Bell’s theorem on the cardinal invariant $\mathfrak{p}$

In this post, we shall provide a proof to a famous theorem of Murray Bell stating that $M{A}_{\kappa }(\text{the class of }\sigma \text{-centered posets})$ holds iff $\kappa <\mathfrak{p}$.

We commence with defining the cardinal invariant $\mathfrak{p}$. For sets $A$ and $B$, we write $B{\subseteq }^{\ast }A$ iff $sup(B\setminus A)<sup(B)$. We say that $B$ is a pseudointersection of a family $\mathcal{A}$, if $B{\subseteq }^{\ast }A$ for all $A\in \mathcal{A}$. Then, the cardinal $\mathfrak{p}$ stands for the smallest size of a family $\mathcal{A}$ of subsets of $\omega$ such that any finite subcollection of $\mathcal{A}$ admits an infinite pseudointersection, while $\mathcal{A}$ itself does not.

(To see that $\mathfrak{p}$ is well-defined, let $\mathcal{A}$ be any uniform ultrafilter on $\omega$. Also, note that a standard diagonlization argument entails that $\mathfrak{p}>{\mathrm{\aleph }}_0$.)

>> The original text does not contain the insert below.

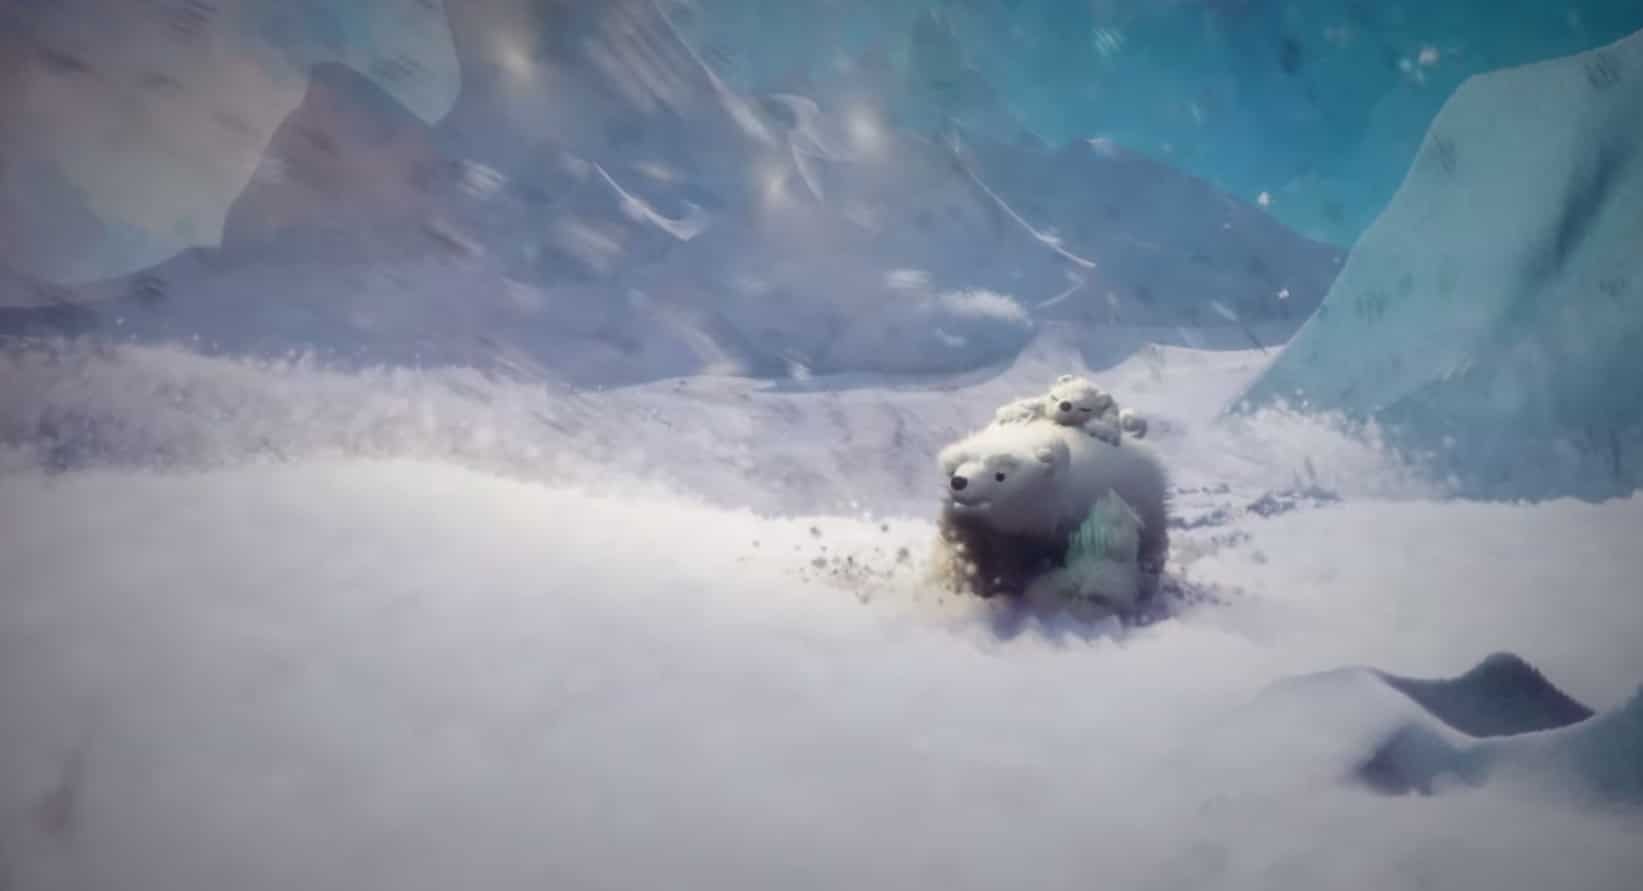 Dreams PS4 Polar Bears Baby Cub Gameplay Screenshot
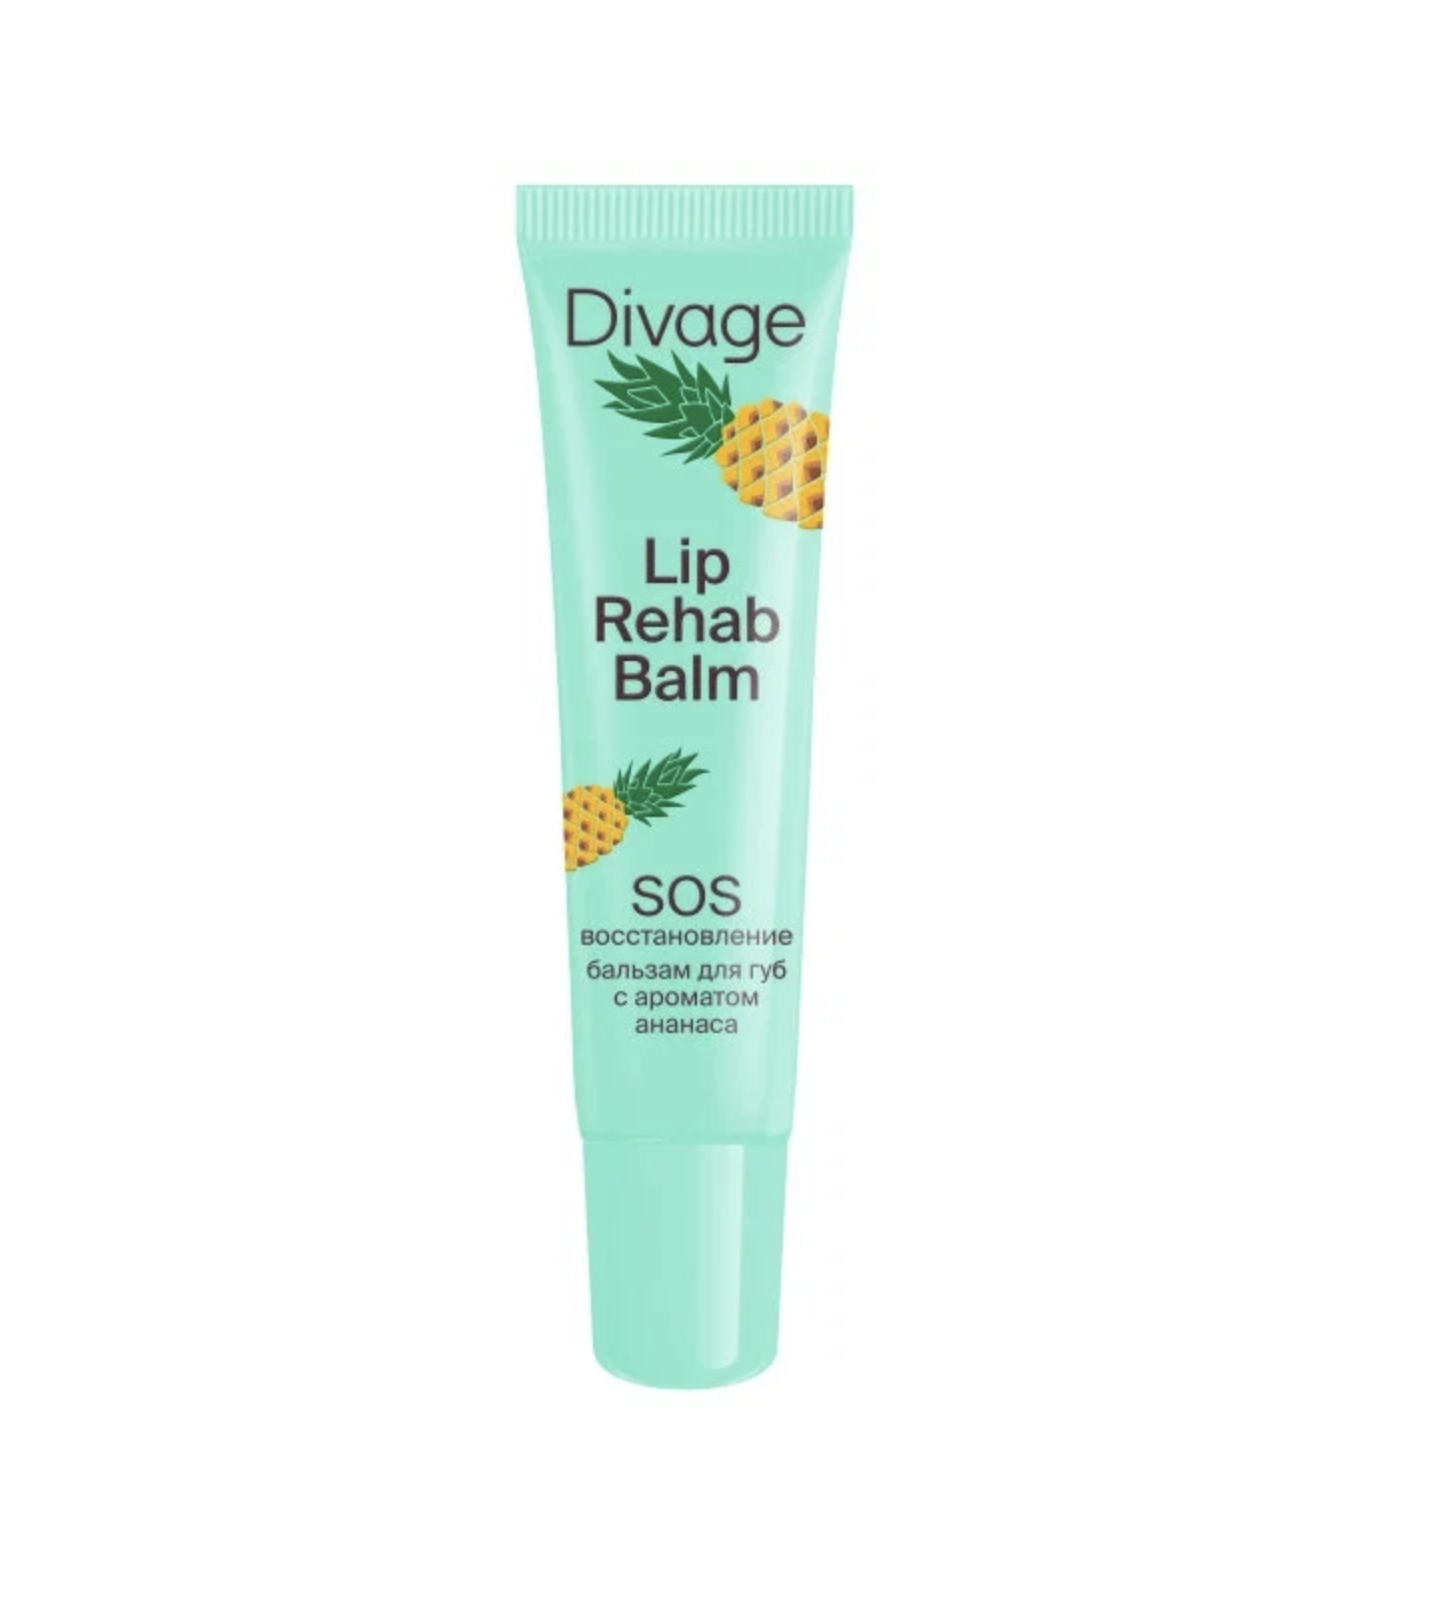   / Divage -    Lip Rehab Balm SOS     12

Lemma. If $X$ is a countable set, $\kappa <\mathfrak{p}$, and $⟨f_i:X\to \omega \mid i<\kappa ⟩$ is a sequence of functions, then there exists a function $g:X\to \omega$ such that for all $i<\kappa$: $$\{x\in X\mid g(x)<f_i(x)\}\text{ is finite}.$$
Proof. Suppose that $⟨f_i\mid i<\kappa ⟩$ is as above. Without loss of generality, $X=\omega$ and $f_i(j)<f_i(n)$ for all $j<n<\omega$ and $i<\kappa$. Fix a bijection $\pi :\omega \times \omega \leftrightarrow \omega$.  For each $i<\kappa$ and $j<\omega$, let

• $A_i:=\{\pi (n,m)\mid n<\omega ,m\ge f_i(n)\}$, and
• $B_j:=\{\pi (n,m)\mid j<n<\omega ,m<\omega \}$.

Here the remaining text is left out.